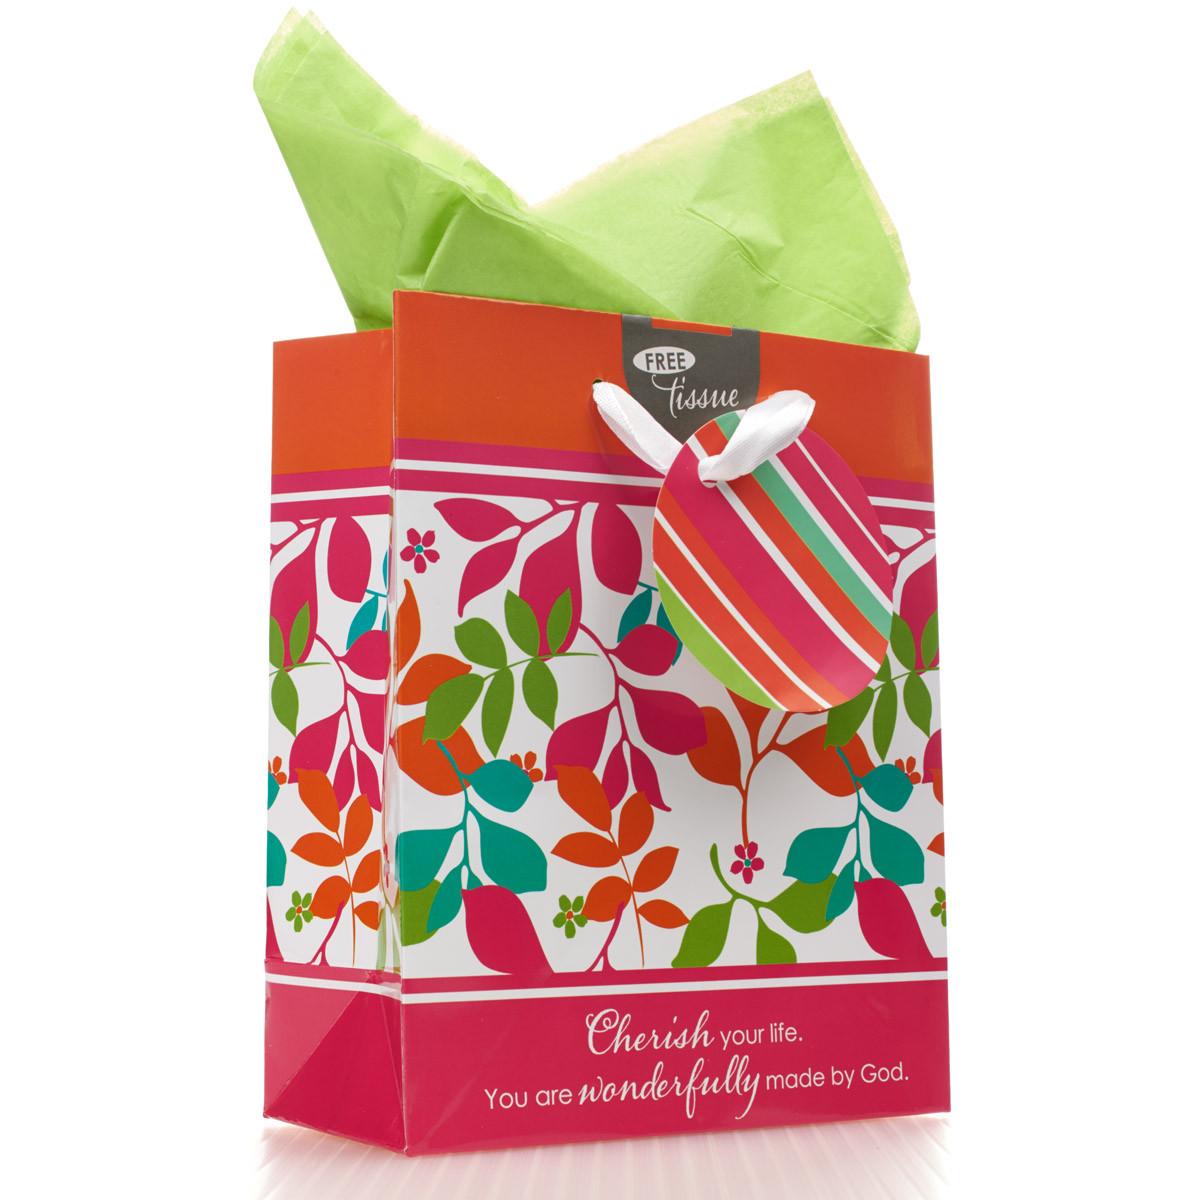 Cherish you Life Small Gift Bag gift bag, small gift bag, tissue and bag, gift wrap, GBA008
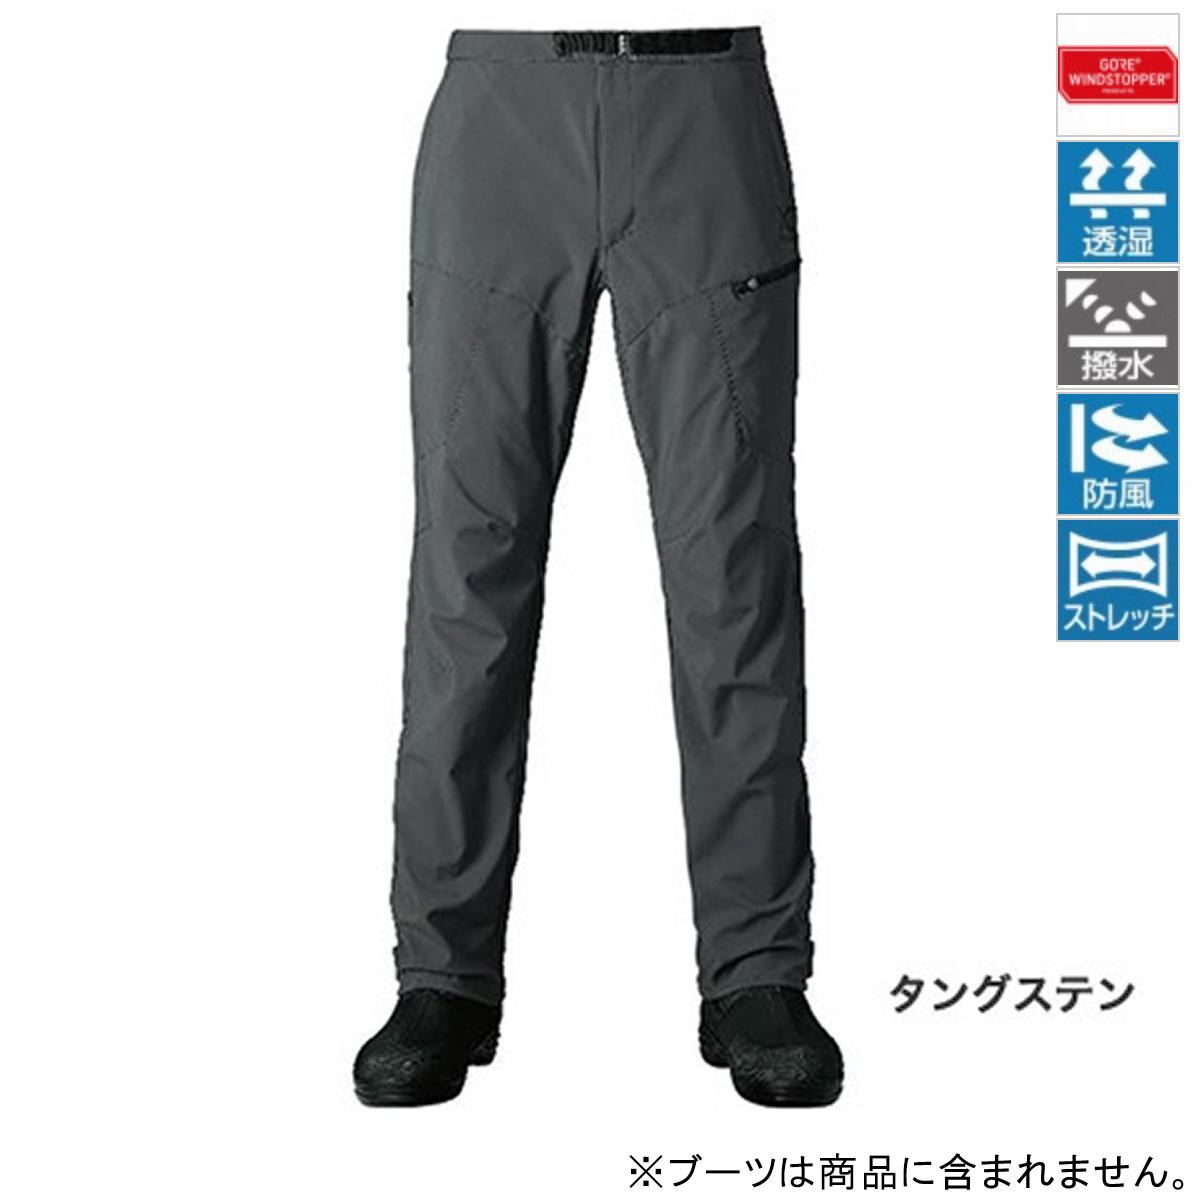 シマノ XEFO GORE WINDSTOPPER ボトム PA-241R L タングステン(東日本店)
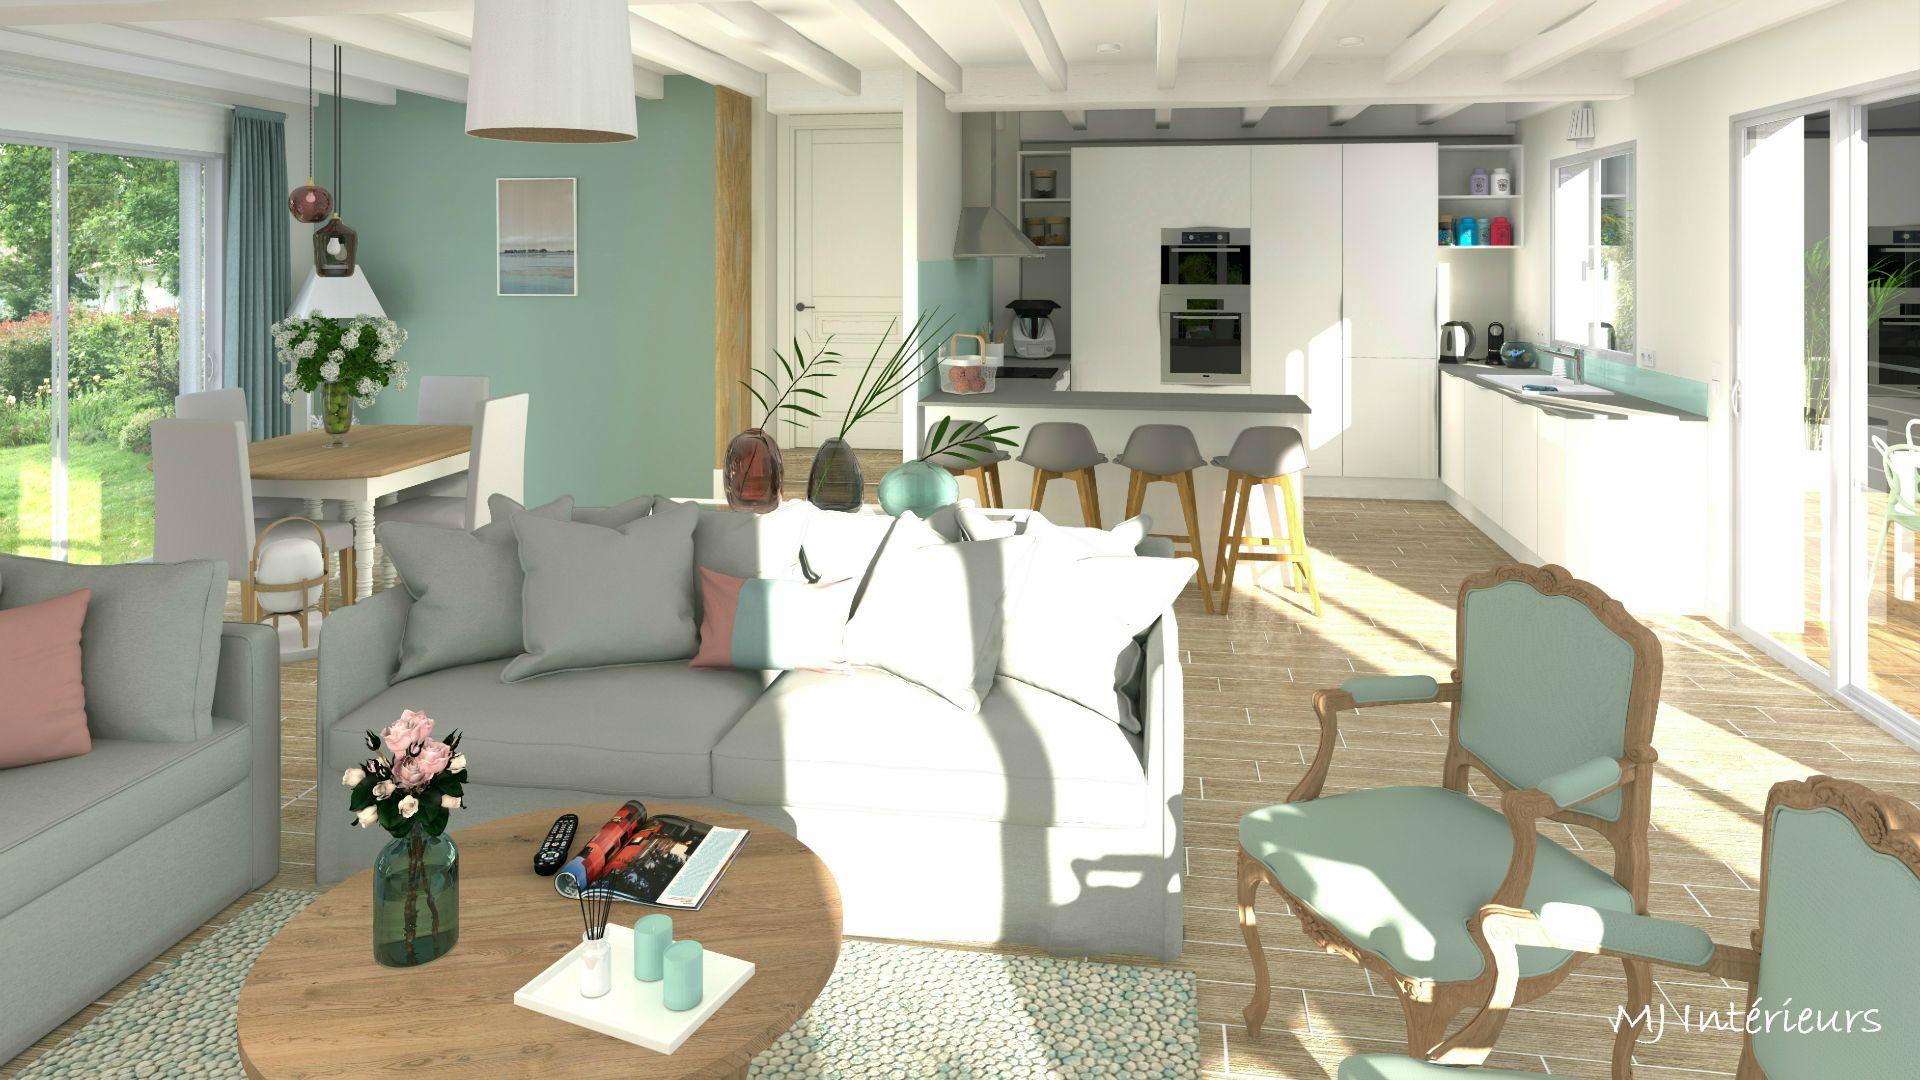 Renovation D Une Spacieuse Piece A Vivre Dans Une Maison Des Annees 80 A Meschers Sur Gironde 17 Par Mj Decoration Interieure Decoration Maison Piece A Vivre

**Task goal**
Set the listing down again exactly, skipping each picture.

**Response below**
 Cherish you Life Small Gift Bag gift bag, small gift bag, tissue and bag, gift wrap, GBA008
 シマノ XEFO GORE WINDSTOPPER ボトム PA-241R L タングステン(東日本店)
 Renovation D Une Spacieuse Piece A Vivre Dans Une Maison Des Annees 80 A Meschers Sur Gironde 17 Par Mj Decoration Interieure Decoration Maison Piece A Vivre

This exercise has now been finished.